[SOURCE MATERIAL — start]

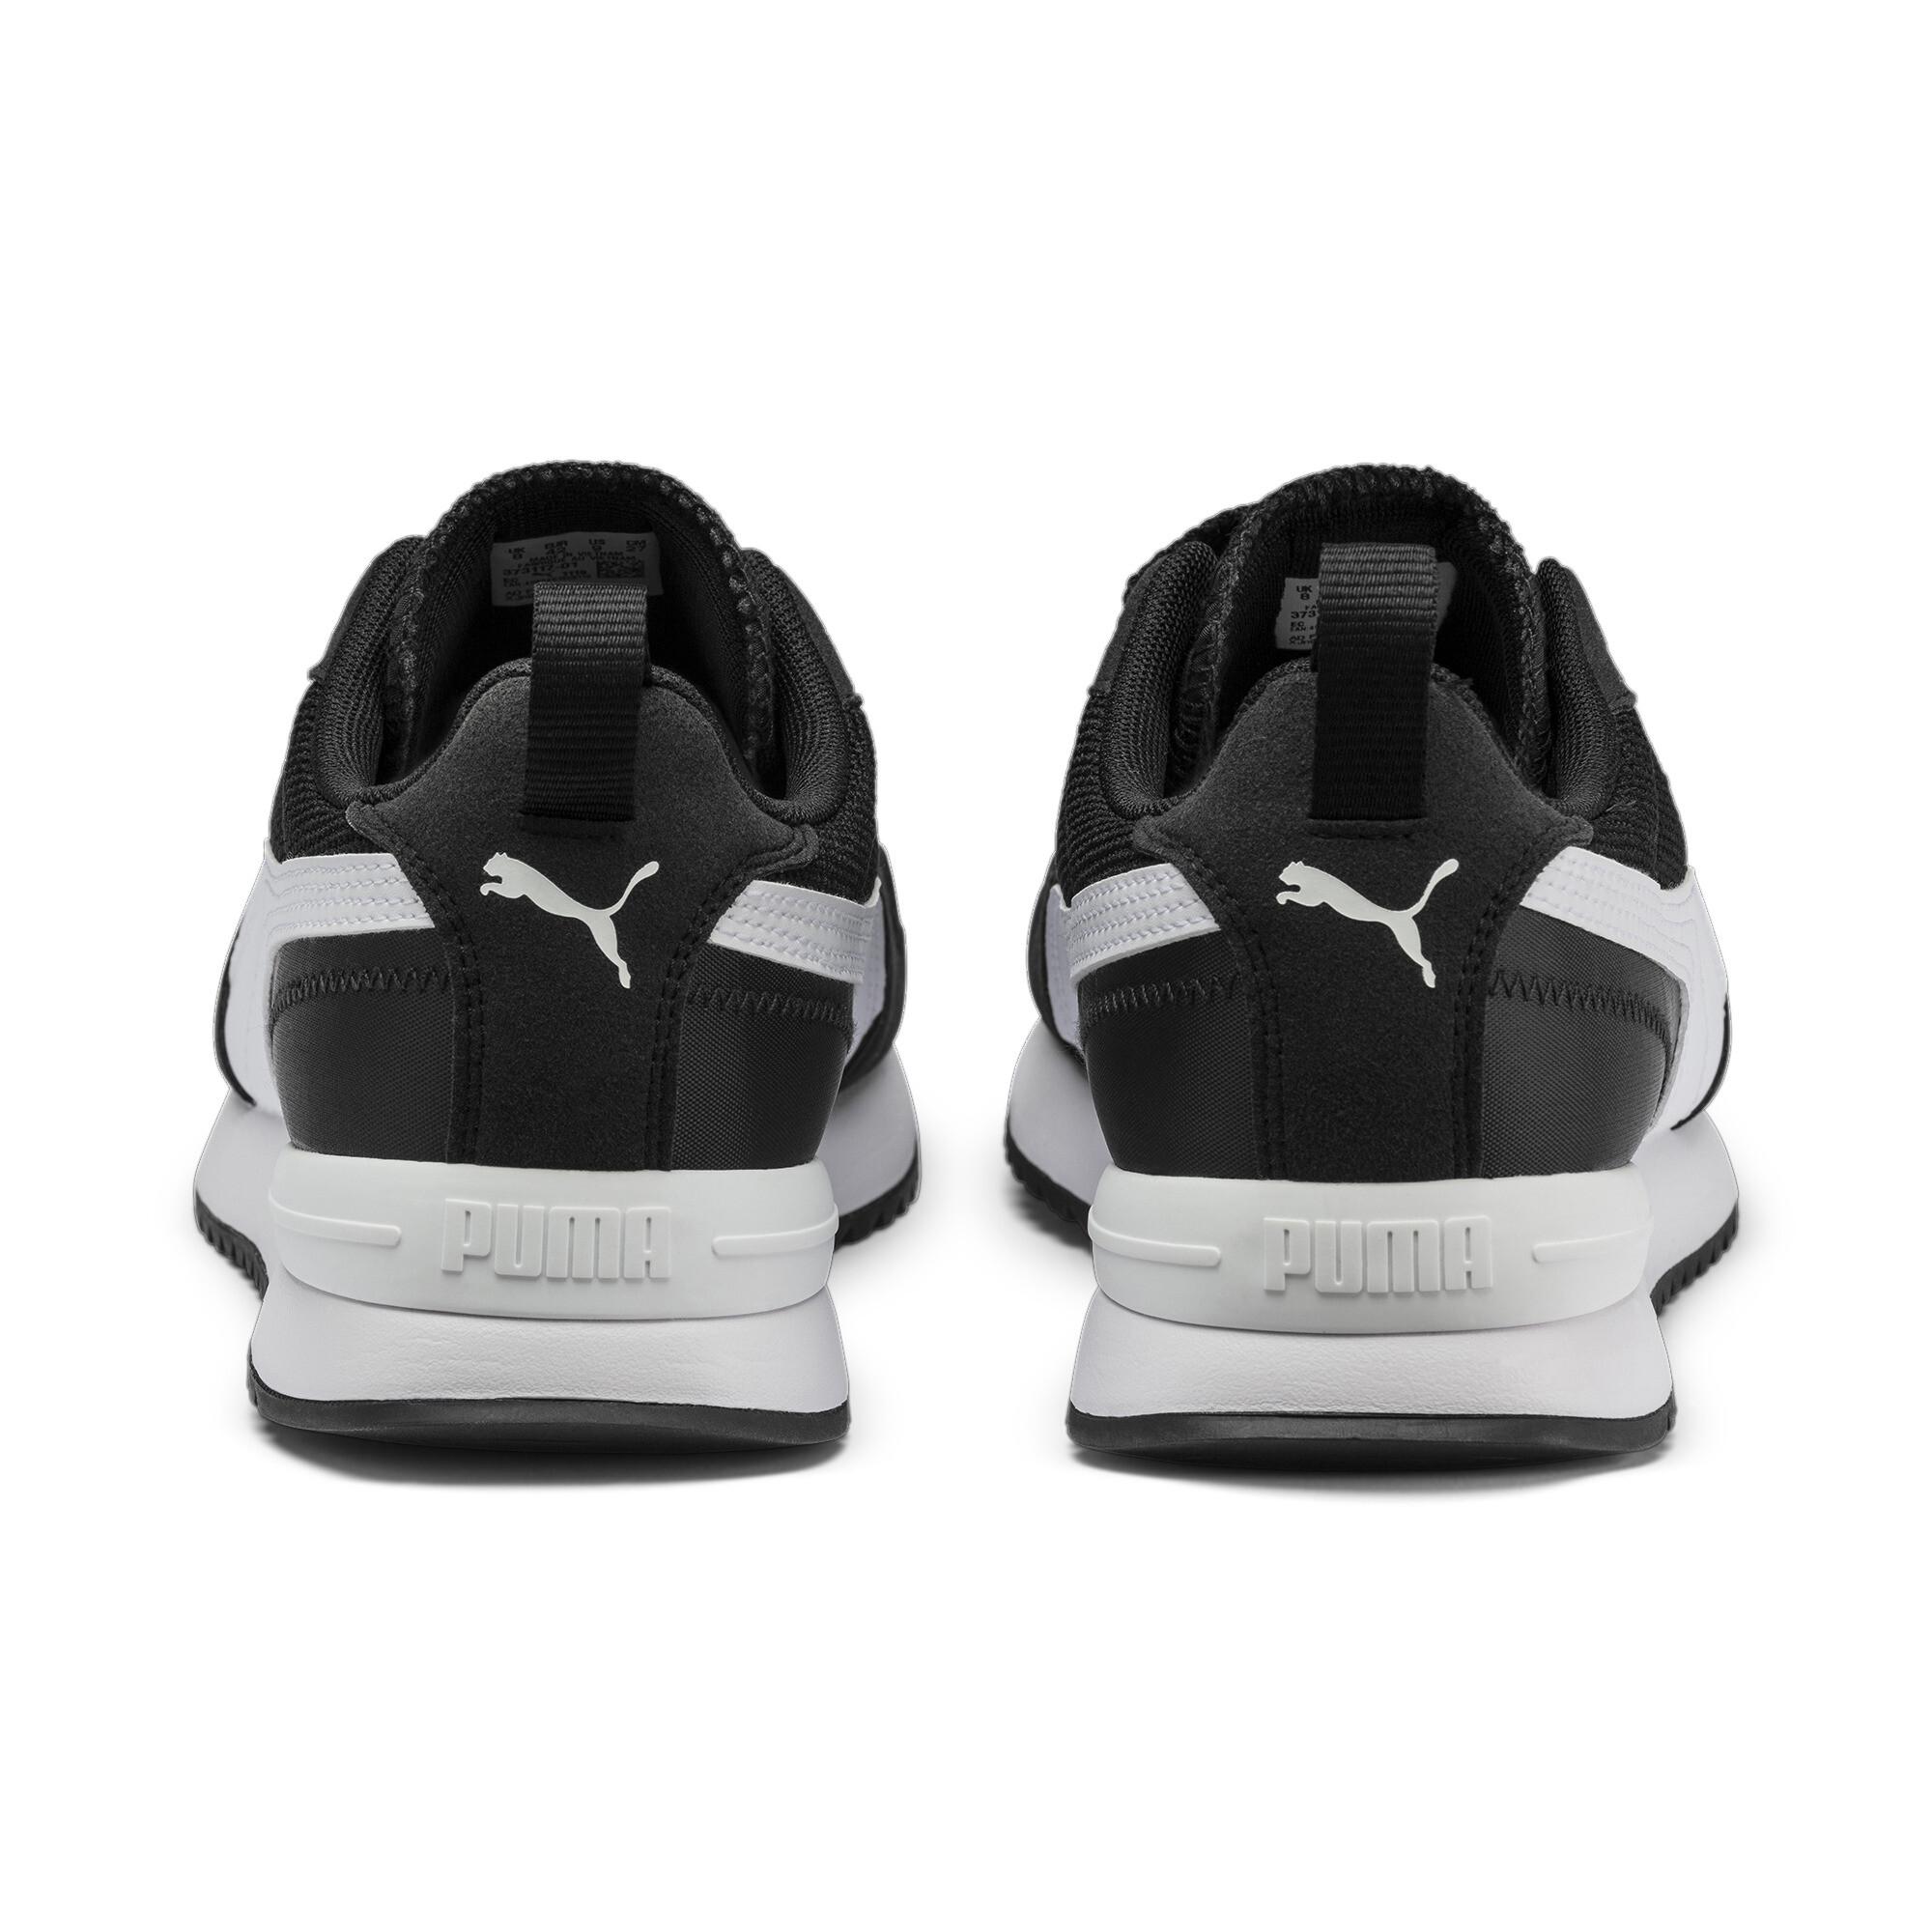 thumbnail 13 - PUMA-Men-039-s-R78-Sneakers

[SOURCE MATERIAL — finish]
[SOURCE MATERIAL — start]

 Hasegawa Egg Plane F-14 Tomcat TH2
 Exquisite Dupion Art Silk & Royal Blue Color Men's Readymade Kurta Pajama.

[SOURCE MATERIAL — finish]
[SOURCE MATERIAL — start]

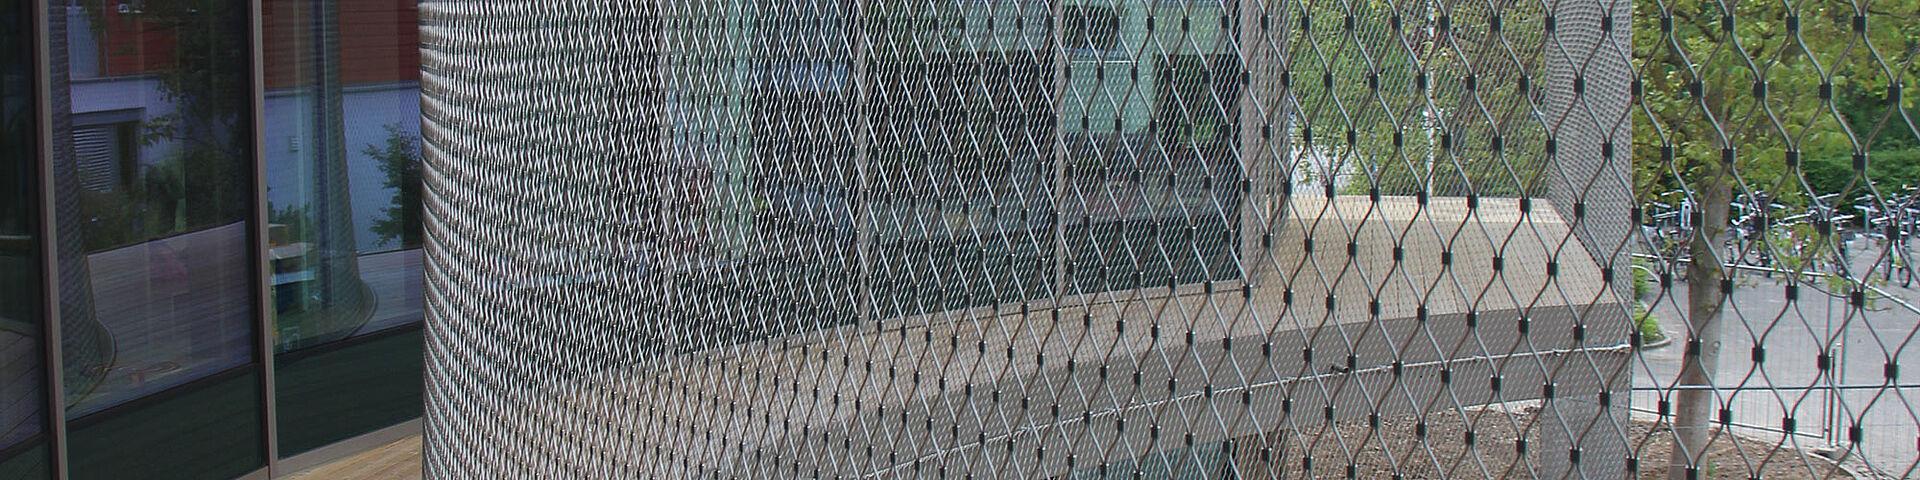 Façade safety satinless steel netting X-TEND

[SOURCE MATERIAL — finish]

EXERCISE DETAILS => Exactly the lines above from the one with "Hasegawa Egg Plane F-14 Tomcat TH2" to the one with "Exquisite Dupion Art", both included, are to be quoted; leave the rest out.

RESULT OF THIS TASK =>
 Hasegawa Egg Plane F-14 Tomcat TH2
 Exquisite Dupion Art Silk & Royal Blue Color Men's Readymade Kurta Pajama.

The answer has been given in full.